Can I use GPT-5.4 via API for production apps?

Yes. The model id is `gpt-5.4` and a snapshot id `gpt-5.4-2026-03-11` is pinned for reproducibility. Rate limits start at 30K TPM and 500 RPM on tier 1 (after $5 spend), scaling to tier 5 (300K TPM, 10K RPM) once your account hits the $1K spend threshold. Function calling, JSON mode, structured outputs, and the new reasoning_effort parameter (low/medium/high) are all supported. For production, default to medium effort; high doubles latency for a 4-6% accuracy gain that rarely justifies the wait outside of complex agent tasks.

Is GPT-5.4 safe for proprietary code (privacy and training opt-out)?

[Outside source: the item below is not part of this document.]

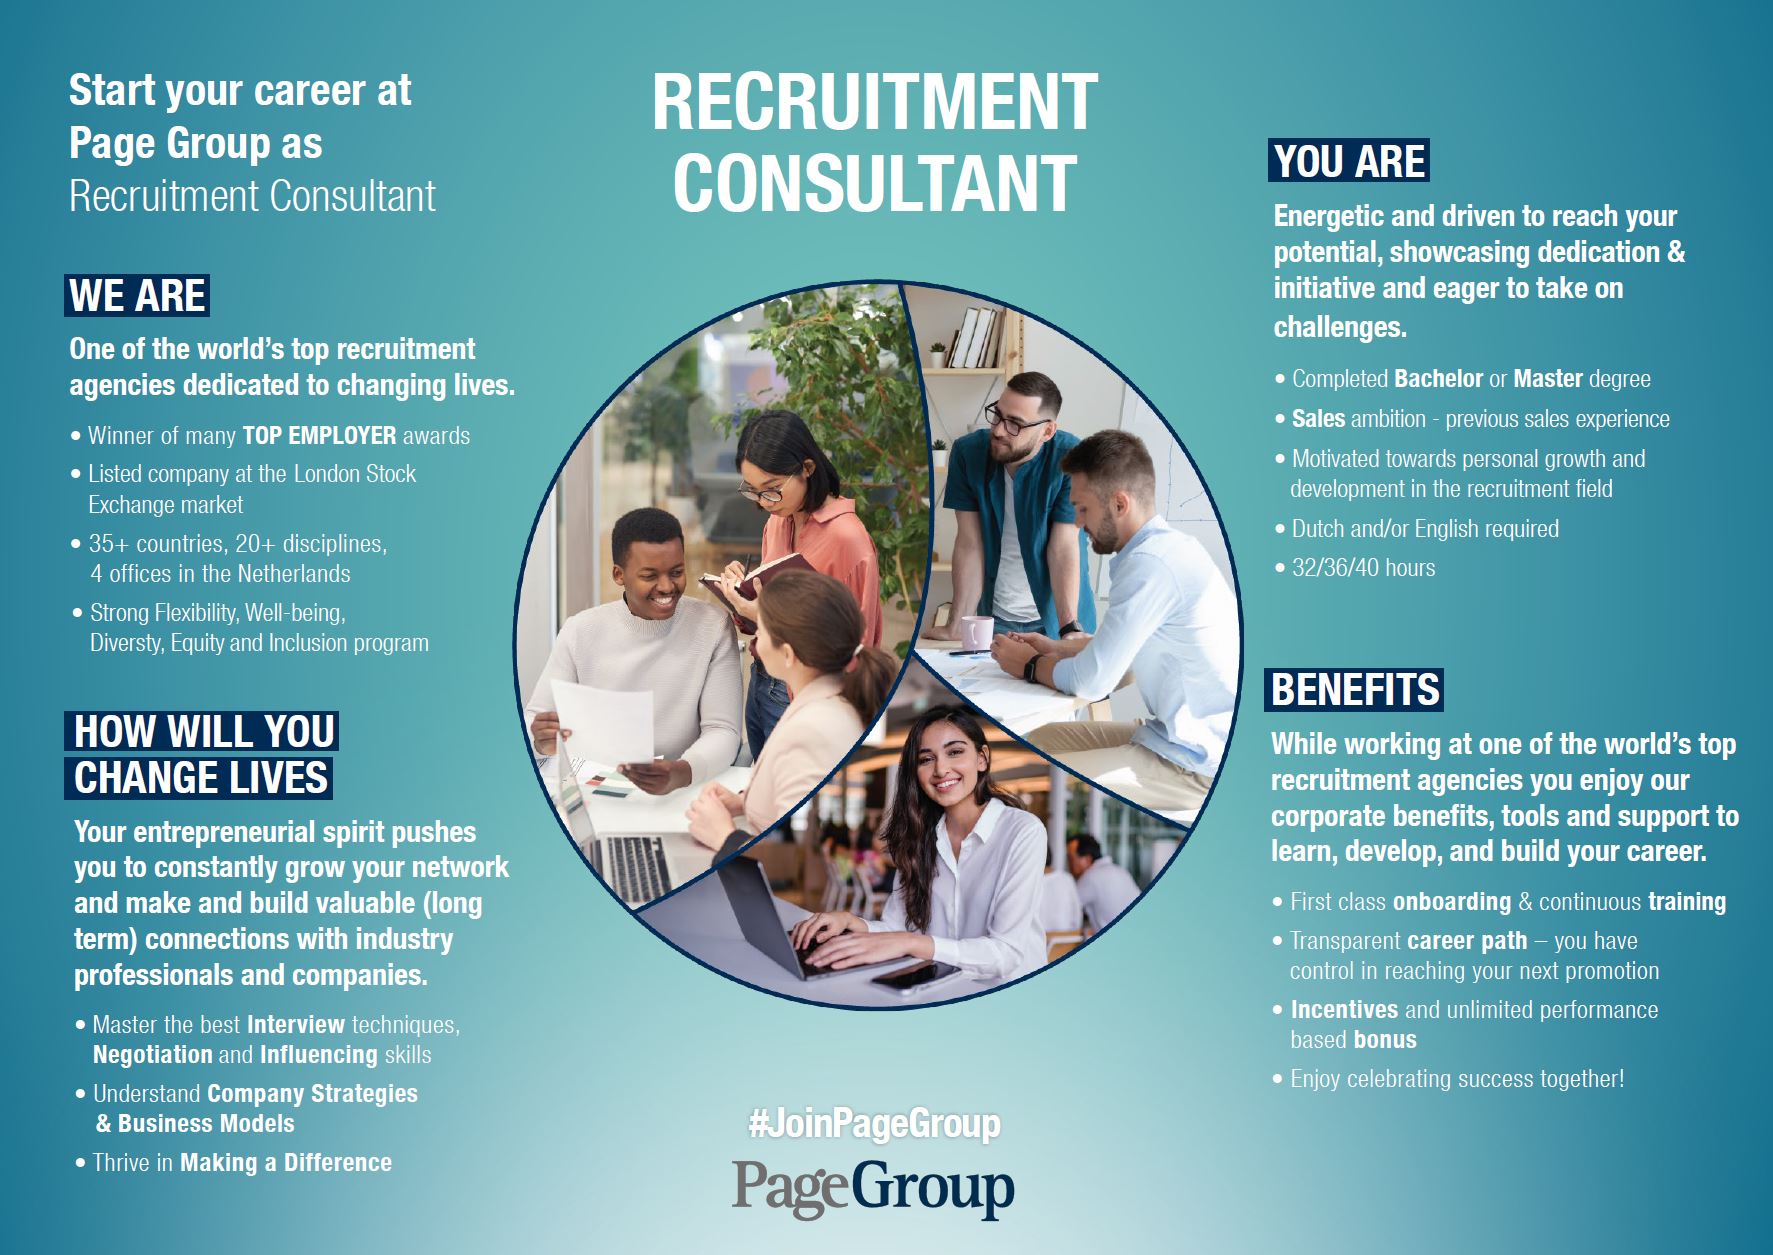 Consultant at Michael Page - 2

Plus and Free users must opt out of training explicitly via Settings > Data Controls > Improve the model for everyone. Team accounts are no-train by default; admins can enforce this across the workspace. Enterprise adds zero data retention as an option (prompts and outputs are not stored past the request lifetime), SOC 2 Type II, and a signed DPA. API usage is no-train by default for all paying customers since 2024. For regulated code (HIPAA, defense, FedRAMP) Enterprise is required; do not use Plus or Free for proprietary work even with opt-out toggled, because moderation review can still surface excerpts to OpenAI staff under specific abuse cases.

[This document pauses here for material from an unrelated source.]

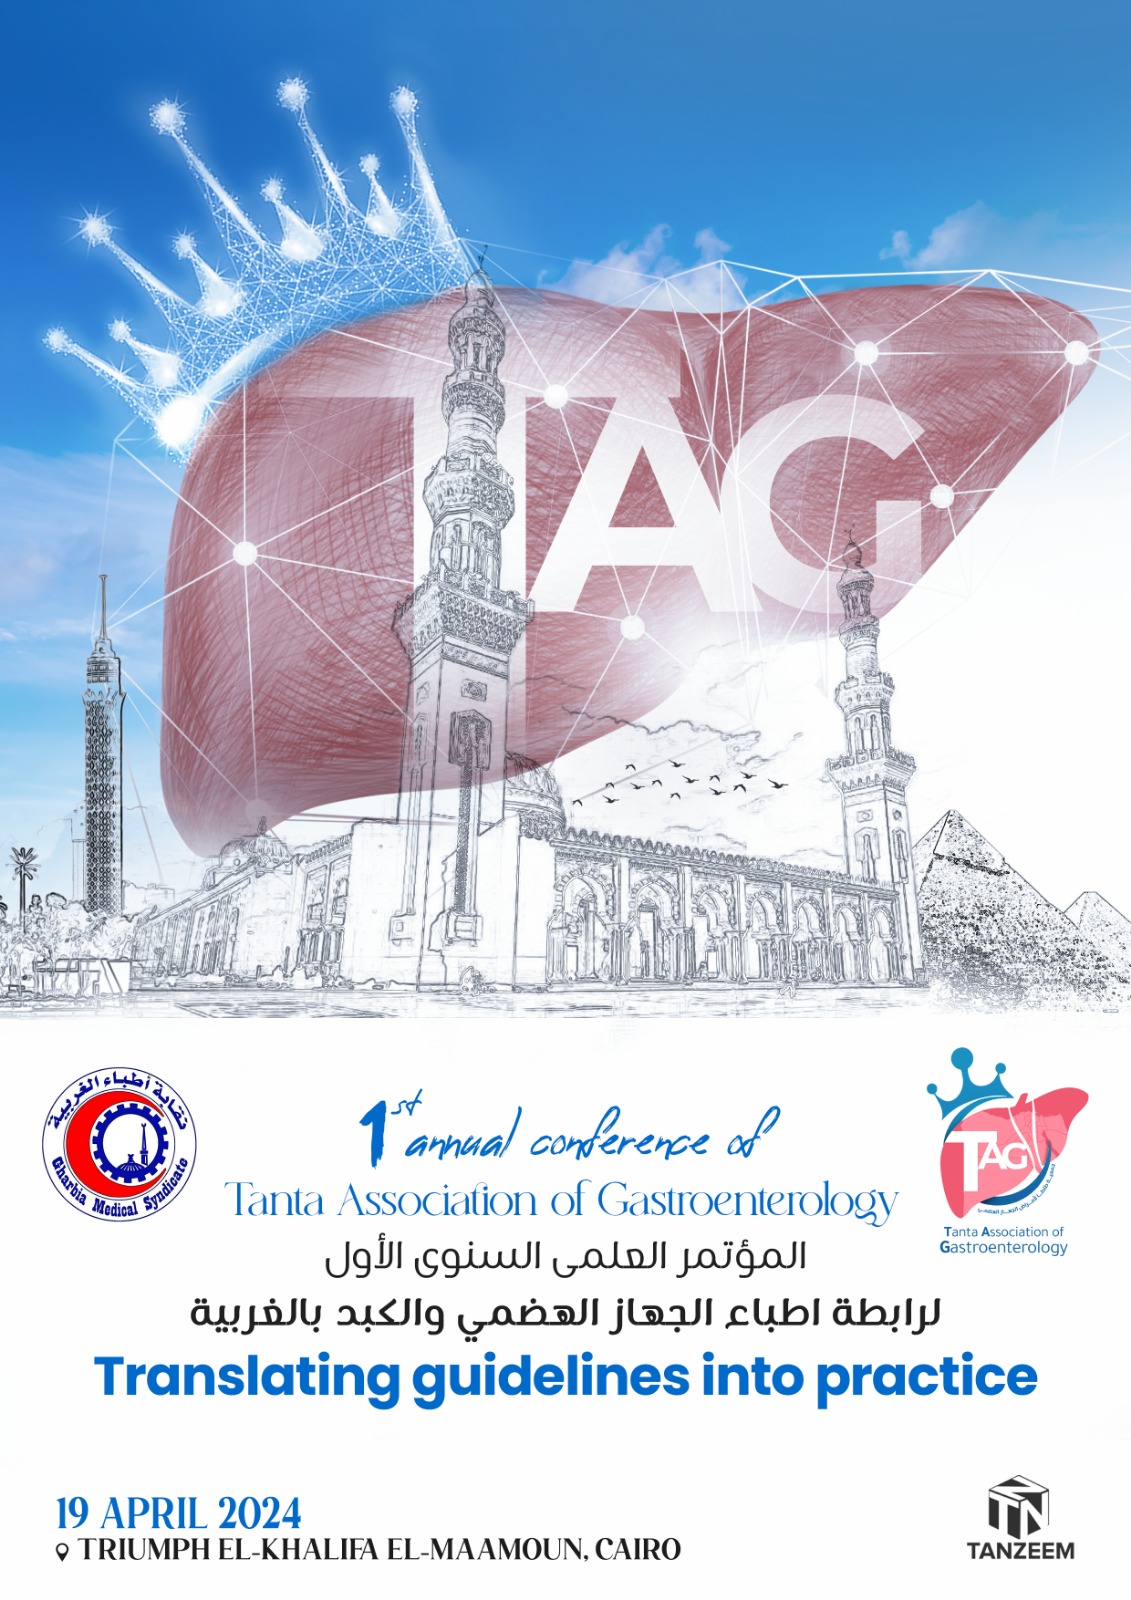 1st Annual Conference of Tanta Association of Gastroenterology

GPT-5.4 vs Gemini 2.5 Pro vs Claude Opus 4.7 — when to pick each?

Pick by primary workload, not benchmark averages. Coding-heavy agent workflows: Claude Opus 4.7 wins on multi-file refactors and tool-call state tracking. Vision, chart reading, and large PDF analysis: Gemini 2.5 Pro has the cleanest table extraction and the longest reliable context (2M, quality holds through ~1M). General multimodal plus agent tasks plus broad ecosystem: GPT-5.4 is the safest default. Cost-sensitive workloads: GPT-5 mini ($0.25/$1 per M tokens) or Gemini 2.5 Flash ($0.15/$0.60) outperform any flagship on pure throughput. Most production stacks now run two of these models with a small router rather than betting on one.

When will GPT-5.4 land in Copilot, Cursor, and Windsurf?

Cursor Pro added GPT-5.4 to the premium model bucket in late Q2 2026 (it counts as 1.5 fast requests per call). Windsurf Cascade integration is announced but unscheduled as of late May 2026; the team cites tuning issues with Cascade-style chained tool calls on the new reasoning format. GitHub Copilot Pro is targeting Q3 2026 for GPT-5.4 in the model picker, with Copilot Enterprise following 4-6 weeks later once data residency reviews complete. Independent IDEs using the OpenAI API directly (Continue.dev, Aider, Cline) have had GPT-5.4 from day one because they just consume the public API.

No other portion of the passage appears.